• Given data
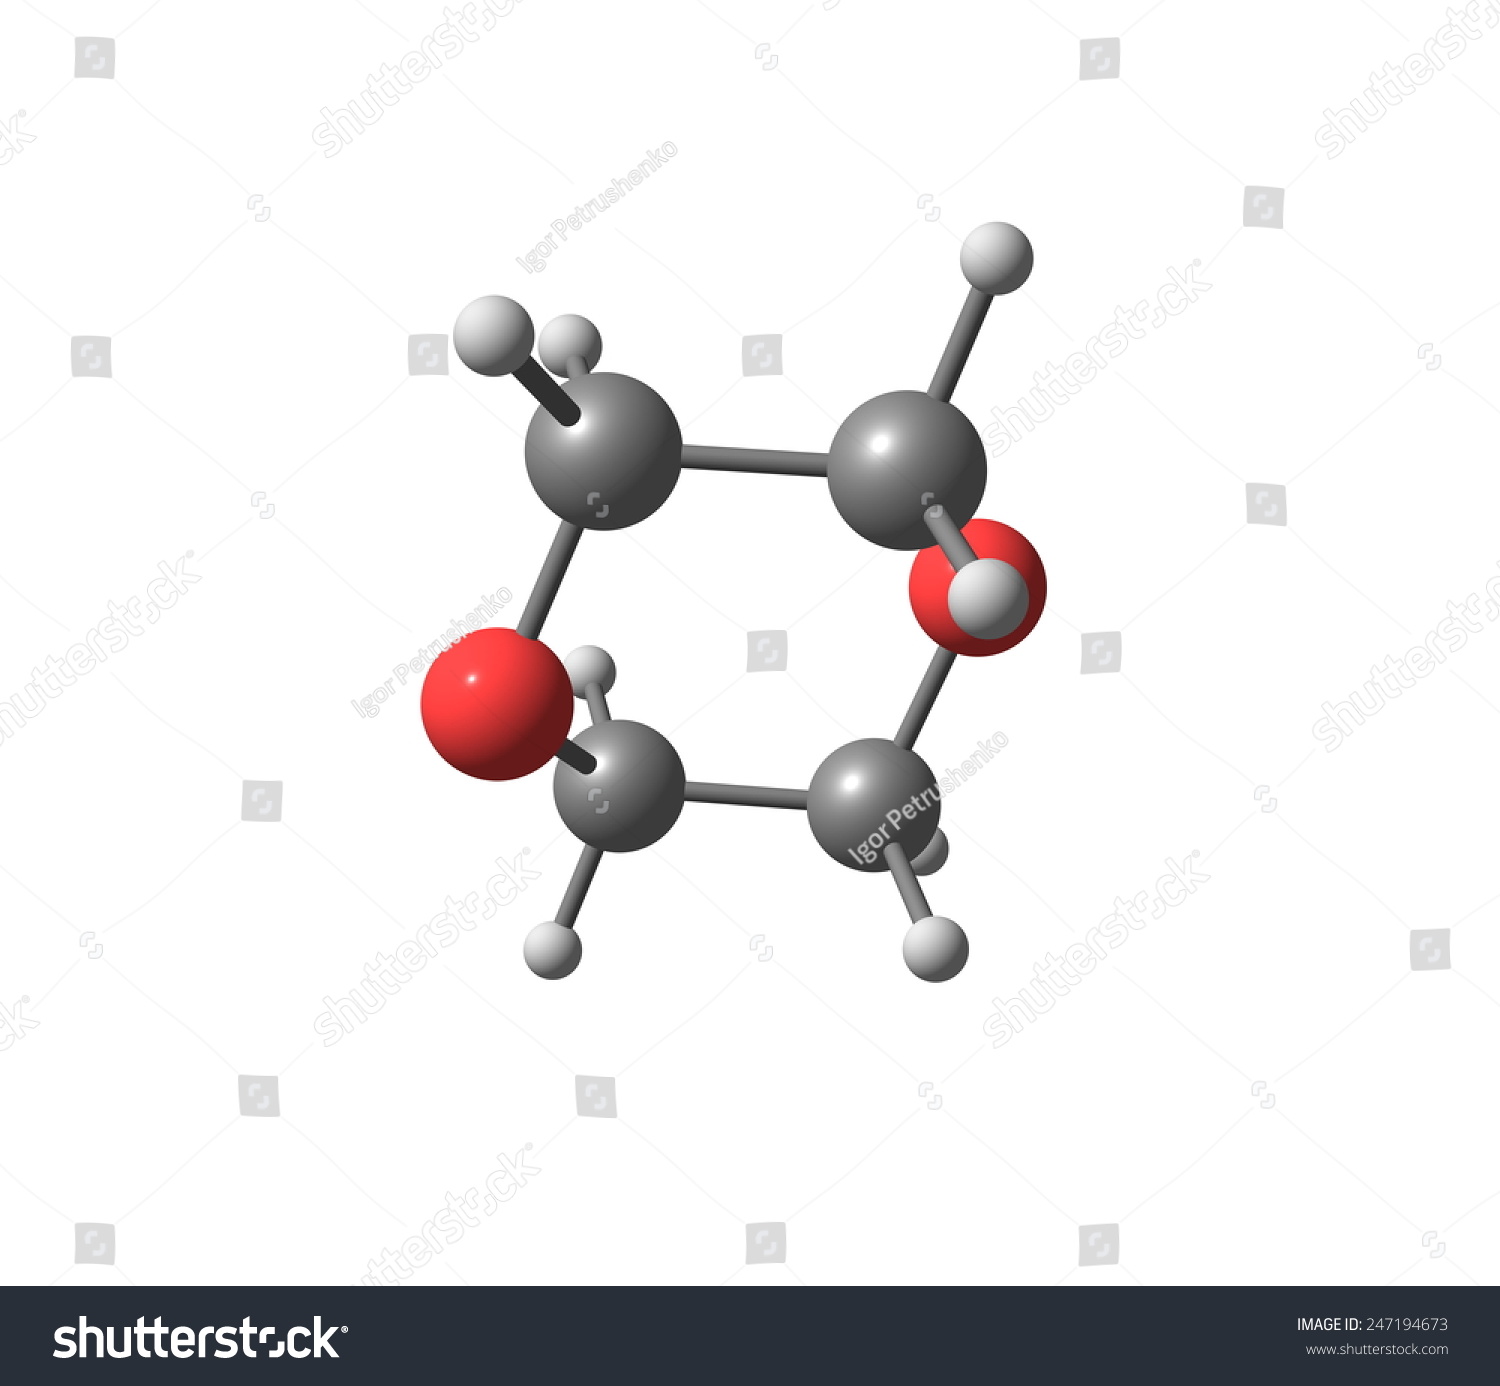 butyl alcohol structure
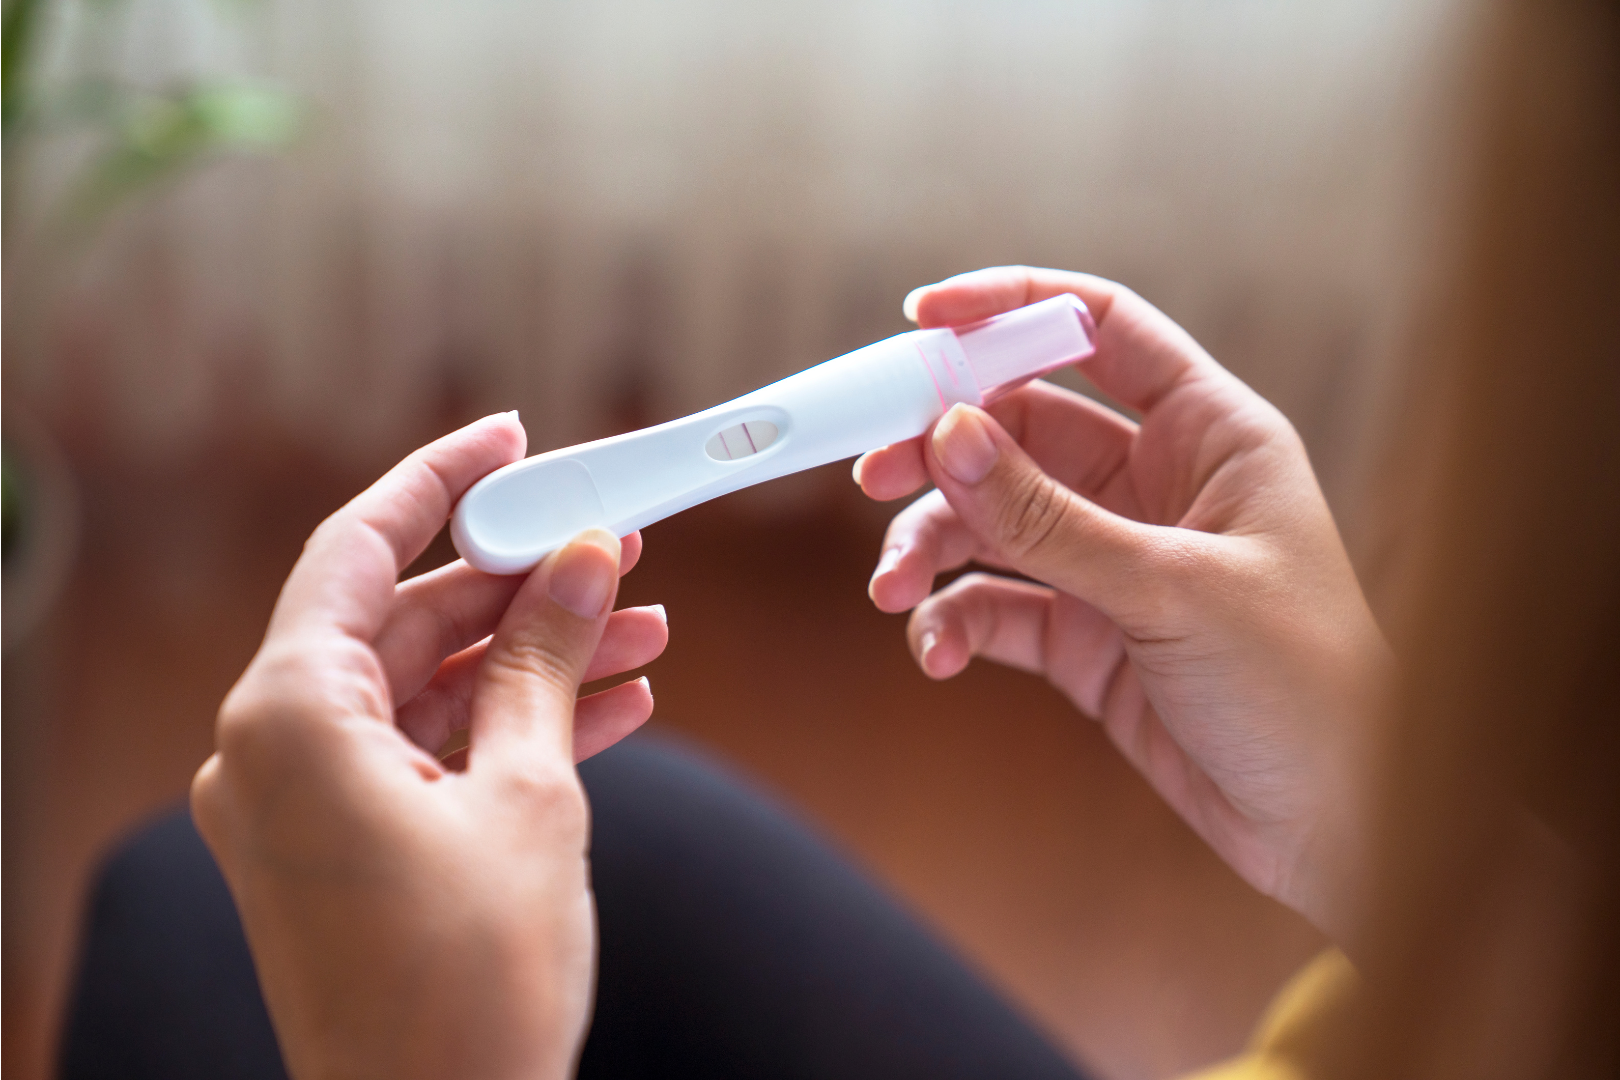 Image of hands holding a positive pregnancy test.
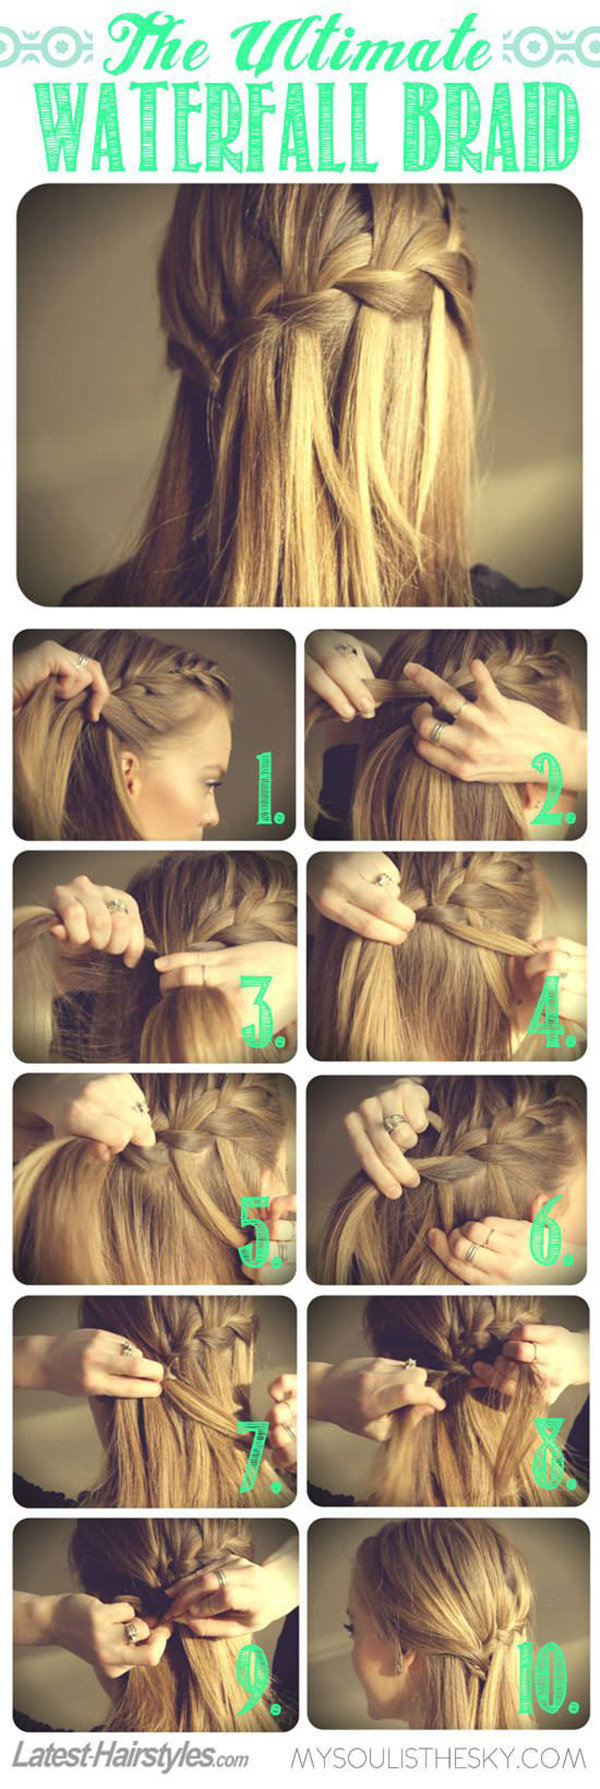 Easy Do It Yourself Hairstyles
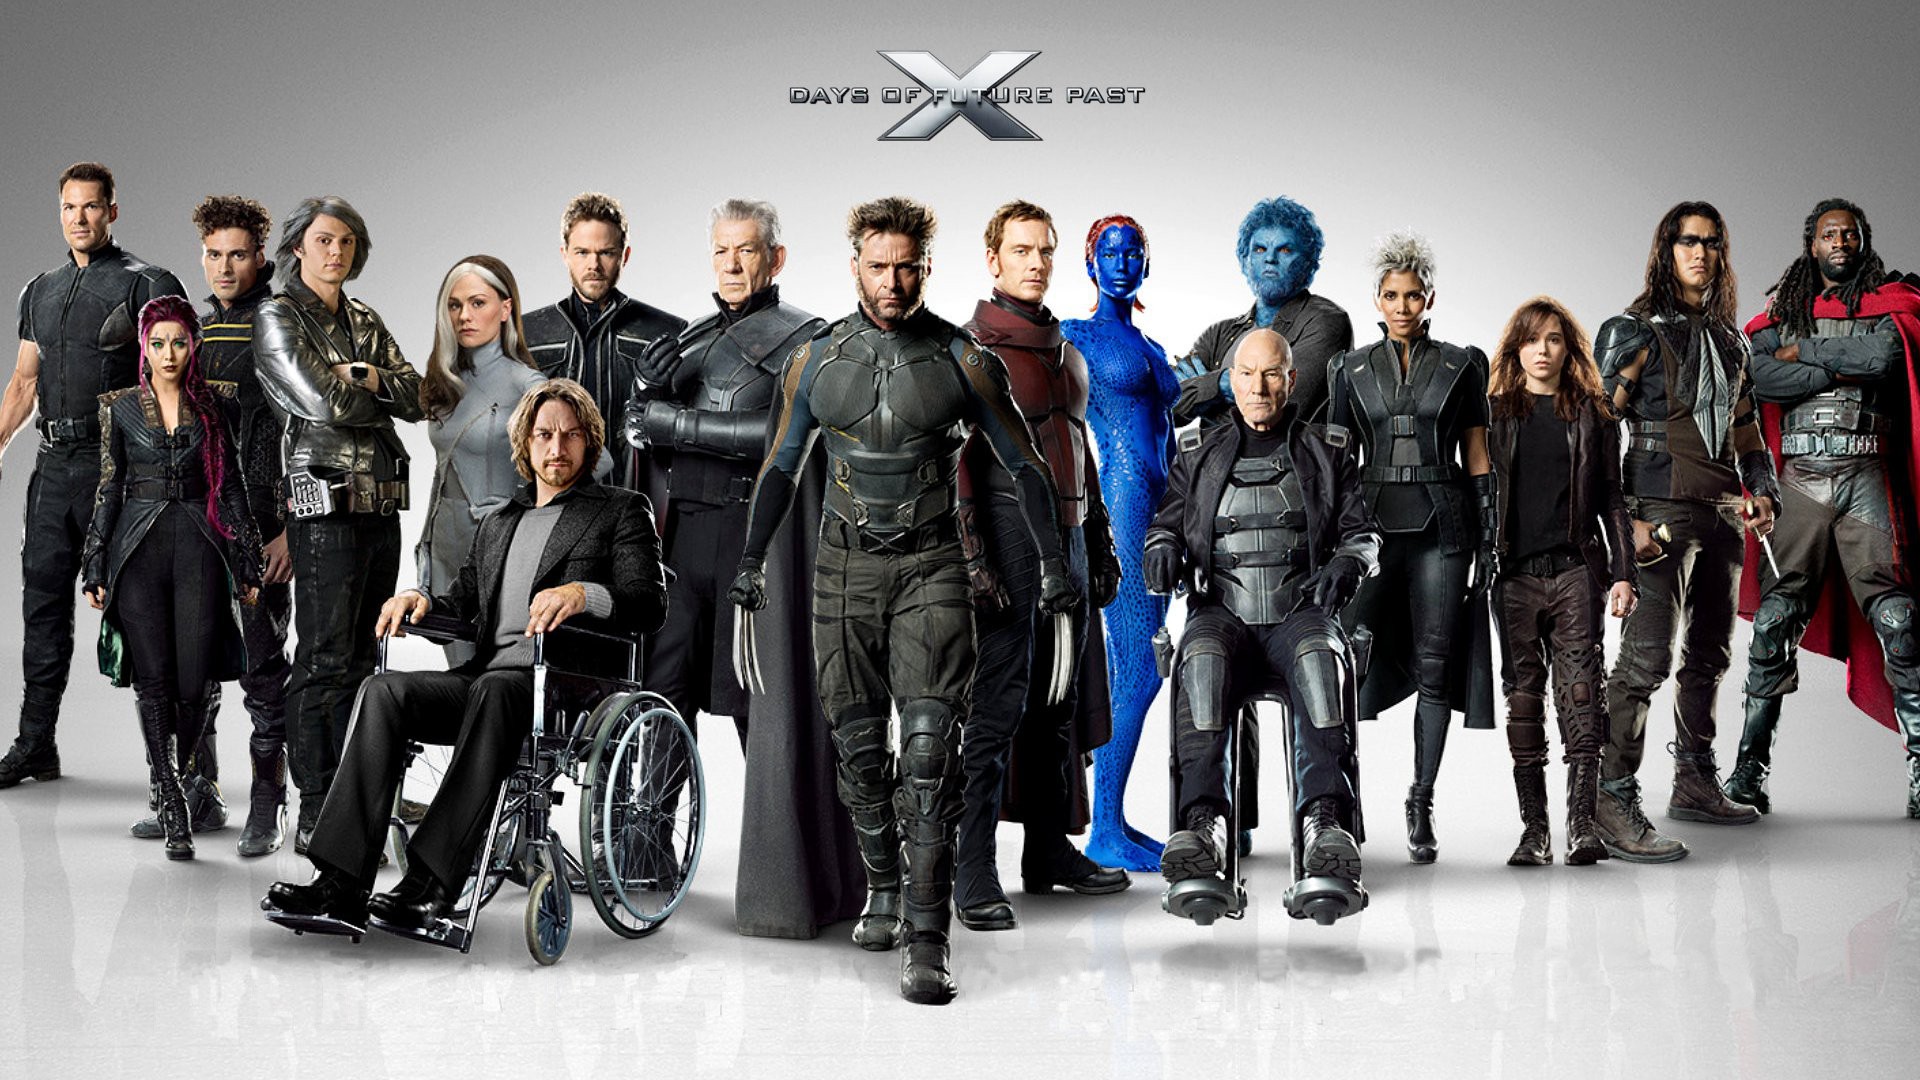 People 1920x1080 X-Men X-Men: Days of Future Past Wolverine Magneto Charles Xavier Beast (character) Ian McKellen science fiction movies Mystique Marvel Comics Rogue (character) Storm (character) Patrick Stewart Michael Fassbender James McAvoy Hugh Jackman Halle Berry Kitty Pryde Elliot Page simple background

• Task requirements
With the pictures removed, output the listing above exactly.

• Answer to the problem
 butyl alcohol structure
 Image of hands holding a positive pregnancy test.
 Easy Do It Yourself Hairstyles
 People 1920x1080 X-Men X-Men: Days of Future Past Wolverine Magneto Charles Xavier Beast (character) Ian McKellen science fiction movies Mystique Marvel Comics Rogue (character) Storm (character) Patrick Stewart Michael Fassbender James McAvoy Hugh Jackman Halle Berry Kitty Pryde Elliot Page simple background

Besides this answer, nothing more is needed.